Yes it's extremely off-putting for people who want to take stuff out from Esenthel engine and put it into other game engines. But Esenthel wasn't built for that purpose. 

Esenthel was built so people can use it to make games and applications, and for that purpose it's extremely generous, you can use it for free without any royalties or any attribution either. 

I don't want someone copying my codes and turn it into their own competing product. Game engine market is already highly competitive. To me I see it as normal copyright protection. If you're aware of a better protection system, feel free to let me know. Thanks 

21 hours ago, JTippetts said:

Troubling, likely an enforcement nightmare, and I suspect not defensible in court though IANAL.

@JTippetts @esenthel So, from experience as I've talked something similar with my lawyer, who is my friend, in the past (and this counts for Czech Republic - which will be similar, but not necessarily the same, in other EU countries, yet it will differ a lot compared to USA). If your code is open source available, then:

  • If somebody upgrades his engine based on the source he read in yours (which is at this point public knowledge), but by creating new source, even similar, you have no chance winning the process (i.e. he doesn't copy the actual source code, but he may copy your ideas - this is perfectly legal here).

    Defendant would base defense on fact, that he learned from public knowledge to create new product from scratch. There is no way how to prevent this when your source code is public knowledge. A public knowledge is open source software according to Czech law, no matter what license you put on it.

    Also, as Czech Patent Office does not allow patenting of software, algorithms, math methods, not even your know-how (and many many more can't be patented at all) - so even if you would fill patents in your country, by not blocking Czech Republic from accessing it - you added it into 'public knowledge' here (so physical people (people) or juristic people (companies) registered here can use it as source of knowledge.
     
  • If somebody straight copies major parts of your source into their, then you may have high chance of winning the process (depending on judge and court, the result may differ though - so you're not having 100% chance of winning here). This is standard license infringement.

Either way you will get a note that if you don't want your code to become public knowledge, you shouldn't have moved it into public domain at all.

My current blog on programming, linux and stuff - http://gameprogrammerdiary.blogspot.com

22 hours ago, esenthel said:

I don't want someone copying my codes and turn it into their own competing product. Game engine market is already highly competitive. To me I see it as normal copyright protection.

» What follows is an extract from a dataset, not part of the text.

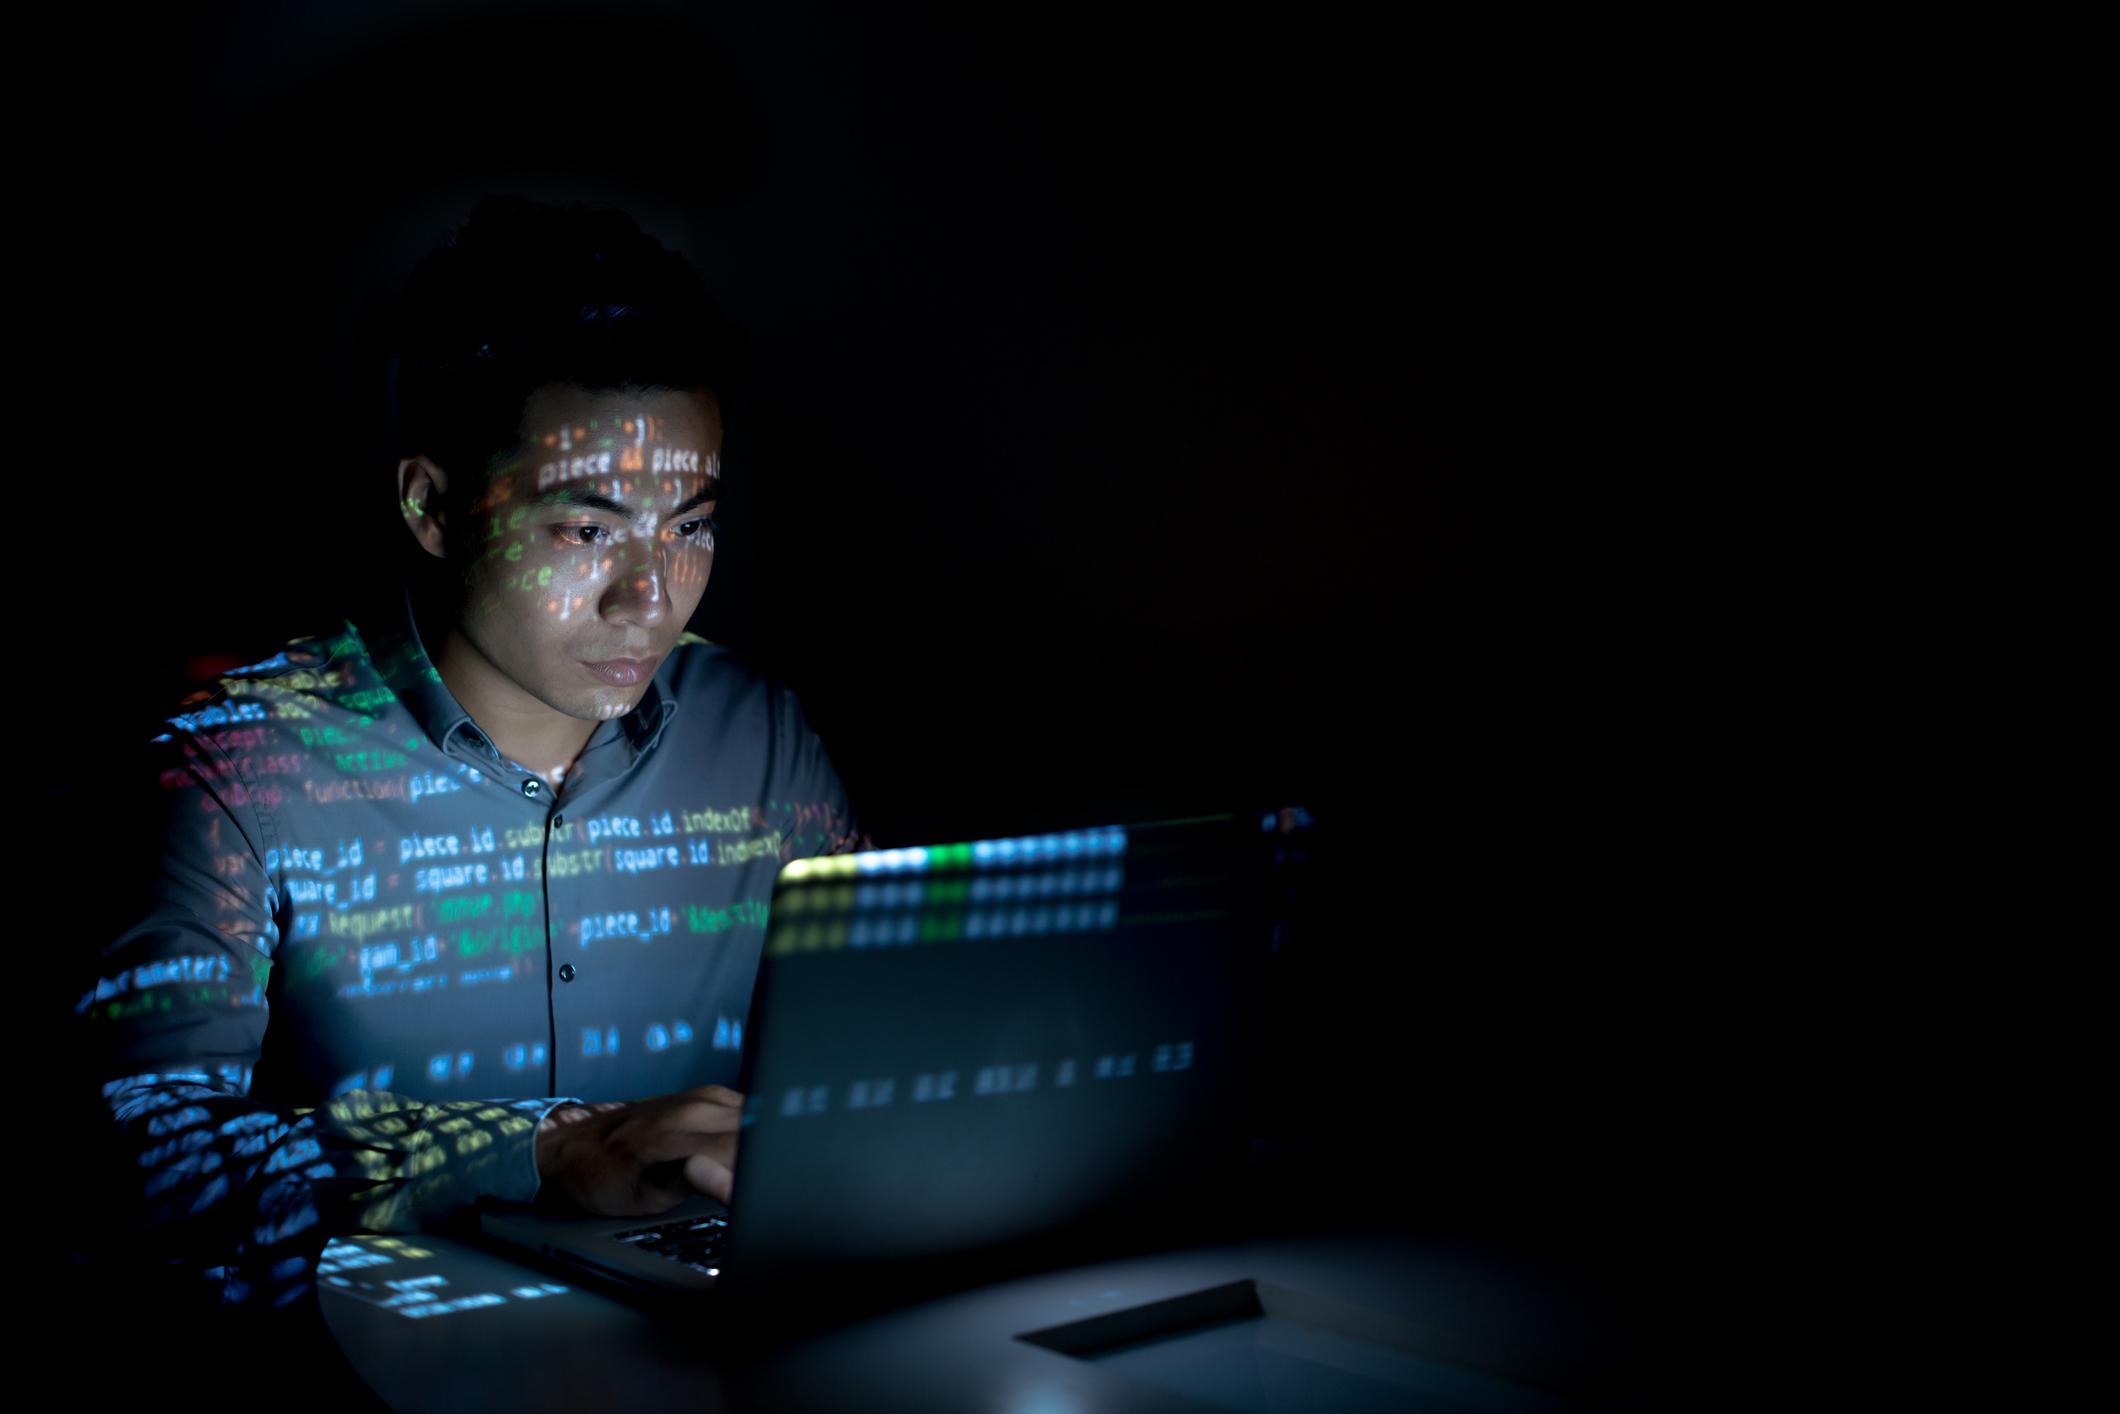 How to interpret software code?

Copying code is a copyright infringement. Attempting to prevent someone from browsing your source code if they have ever developed on another engine is not normal copyright protection. Quite far from it, actually. Essentially, anyone who has ever worked on an engine (their own, or others) is putting themselves in danger of having you sue them simply for visiting your github link. While such a suit is unlikely to succeed, and could eventually backfire back on yourself, it could still be expensive for the defendant, so on that grounds alone I would highly recommend people steer clear of this mess.